Tuesday, February 5, 2013

Setting up Git on a Server

Introduction

I've been testing out Git a bit more recently. The main feature that interests me is the way Git branches. It's light-weight and is managed pretty well by the Git software. for more information, see Chapter 3 of the Git Book.

My plan is to use Git for synchronizing changes I make in my local development for my web server with the live version. I also want Git to manage a development server path which will switch to the branch I last pushed to for testing purposes. Luckily, both of these are fairly simple operations.

Server Setup

Here's the command to install git:

sudo apt-get install git-core

This installs the git-core package as well as the git package. There are a variety of other git packages you could install, though for right now I'm not using any of them.

The first thing to do is find a place for our "blessed" repository. This is a shared bare repository on our server which serves as the master repo. I chose a bare repository for a few reasons:

  1. Supposedly with recent versions of Git (1.7.0 or newer), in order to push changes to a repository it needs to be bare. I haven't tried this out myself, but here's a source I found with the relevant information.
  2. I don't want my server location to hold a working copy. This is in a secure location so I can control access. I'll be cloning this repo for the live/development working copies that the webserver can use.
  3. A shared repo can be pushed to.

I'm storing all of my git repos inside the /opt/git/ repos. Since I do my web development in Eclipse, I also made a sub-folder for all of my Eclipse projects.

As far as I know Git isn't setup well to checkout sub folders from a repository in the same manner SVN is. For this reason I decided that each Eclipse project should be its own Git repository.

# quick-tip: the -p option creates all necessary folders to get to the end leaf
mkdir -p /opt/git/eclipse/project1.git
cd /opt/git/eclipse/project1.git
git init --shared --bare

Next step is to create a hook which will update my server each time I push to the main repo. I'm using a post-update hook for this. The hooks should be placed in the /opt/git/eclipse/project1/hooks/ folder. The file should be executable.

For more information on git hooks, see 7.3 Customizing Git - Git Hooks.

#!/bin/sh
# by: helloworld922
#

# Get the branch which was pushed to
branch=$(git rev-parse --symbolic --abbrev-ref $1)

# Necessary so we can pull changes in another repo
# see: http://serverfault.com/questions/107608/git-post-receive-hook-with-git-pull-failed-to-find-a-valid-git-directory
unset $(git rev-parse --local-env-vars)

if [ $branch = "master" ];
then
 # update master branch as the live version
 cd "/home/helloworld922/www/public/project1"
 git pull
fi

# switch our developer's repo to the branch and update it
cd "/home/helloworld922/www/public/project1_test"
git checkout -t "origin/$branch" -B "$branch"
git pull

The last step is to create the initial clones of the repositories.

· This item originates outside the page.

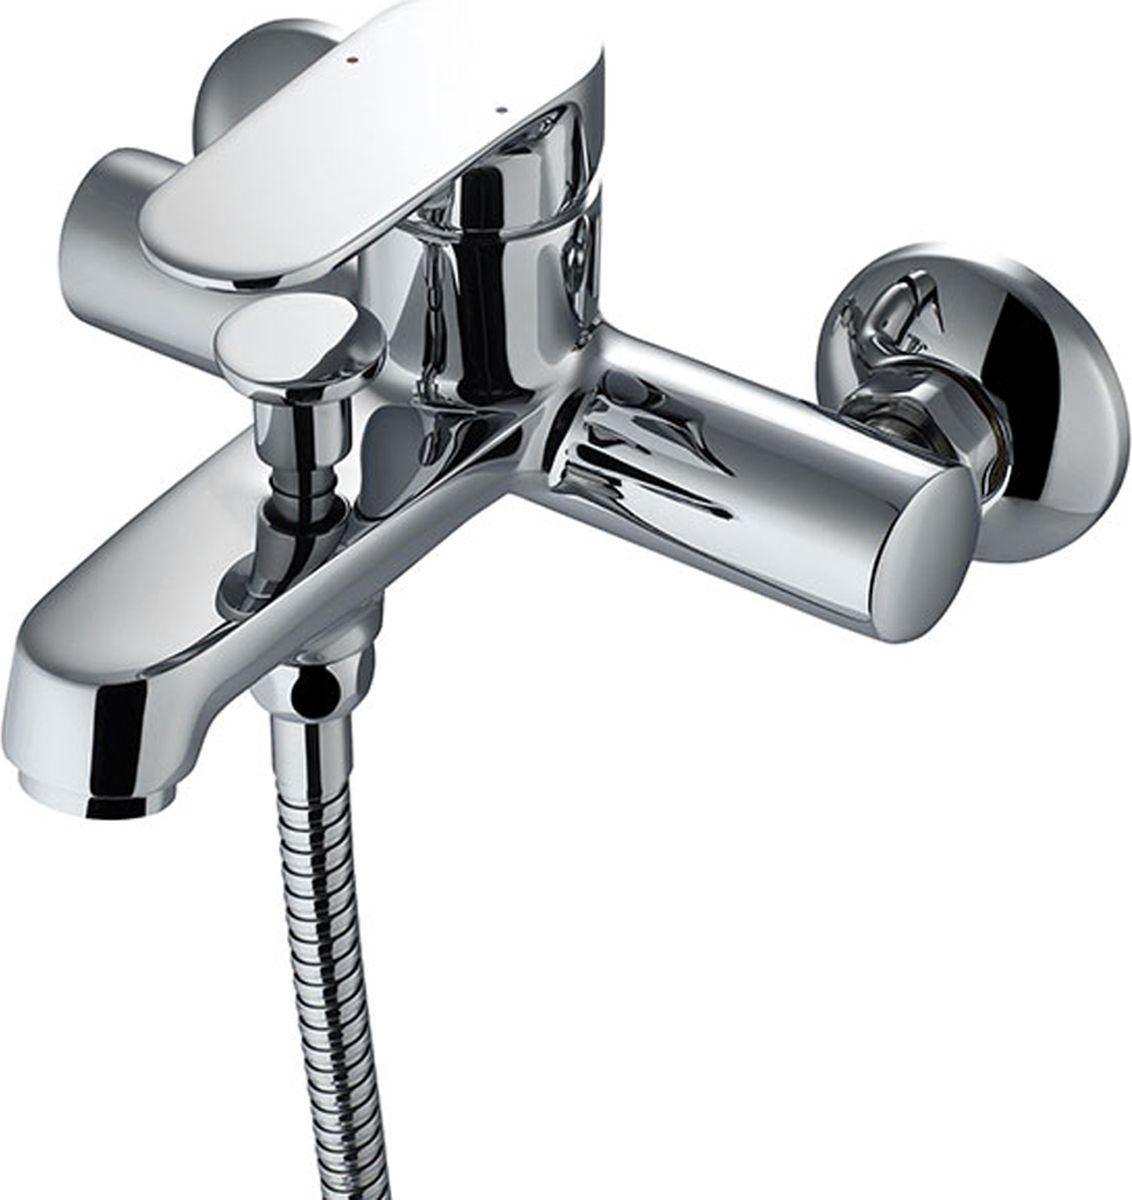 Смеситель для ванны Milardo Dover, цвет: хромVOLSB00M01Смеситель для ванны Milardo® изготовлен из высококачественной первичной латуни, прочной, безопасной и стойкой к коррозии. Инновационные технологии литья и обработки латуни, а также увеличенная толщина стенок смесителя обеспечивают его стойкость к перепадам давления и температур. Увеличенное никель-хромовое покрытие полностью соответствует европейским стандартам качества, обеспечивает его стойкость и зеркальный блеск в течение всего срока службы изделия. Благодаря гладкой внутренней поверхности смесителя, рассекателям в водозапорных механизмах и аэратору он имеет минимальный уровень шума.Ручная фиксация дивертора позволяет комфортно принимать душ даже при низком давлении воды. В комплект входят лейка и шланг из нержавеющей стали длиной 1,5 м с защитой от перекручивания.Гарантия на смесители Milardo® – 7 лет. Гарантия на лейку и шланг составляет 1 года.

# this is where my live version is located
mkdir -p /home/helloworld922/www/public/project1
cd /home/helloworld922/www/public/project1
git clone "/opt/git/eclipse/project1.git" .

# this is where my development test version is located
mkdir -p /home/helloworld922/www/public/project1_test
cd /home/helloworld922/www/public/project1_test
git clone "/opt/git/eclipse/project1.git" .

Git by itself doesn't provide any authentication mechanism. Instead, it relies on the access protocol to authenticate users. For example, using the SSH protocol I can use the standard filesystem permissions to manage access to the repository.

# On the server
# make a group which owns the master repo
sudo groupadd git_project1
# add the users you want to the group
sudo usermod -a -G git_project1 helloworld922
sudo usermod -a -G git_project1 root
# set the repo's ownership and permissions
cd /opt/git/eclipse/project1.git
sudo chown -R root:git_project1 .
# allow anyone in the group to read/write
sudo chmod -R ug+rw .
# everyone else can only read
sudo chmod -R o+r-w .

Client Development Setup Over SSH

The url to the repository is: username@host:full_path. For example, my username is helloworld922, my virtual server has a static IP at 10.0.0.2, and the full path to my Git repo is /opt/git/eclipse/project1.git. This makes my clone url helloworld922@10.0.0.2:/opt/git/eclipse/project1.git.

That's all for now. I now have access to virtually the awesome branching features offered by Git without compromising the way I develop and deploy my content.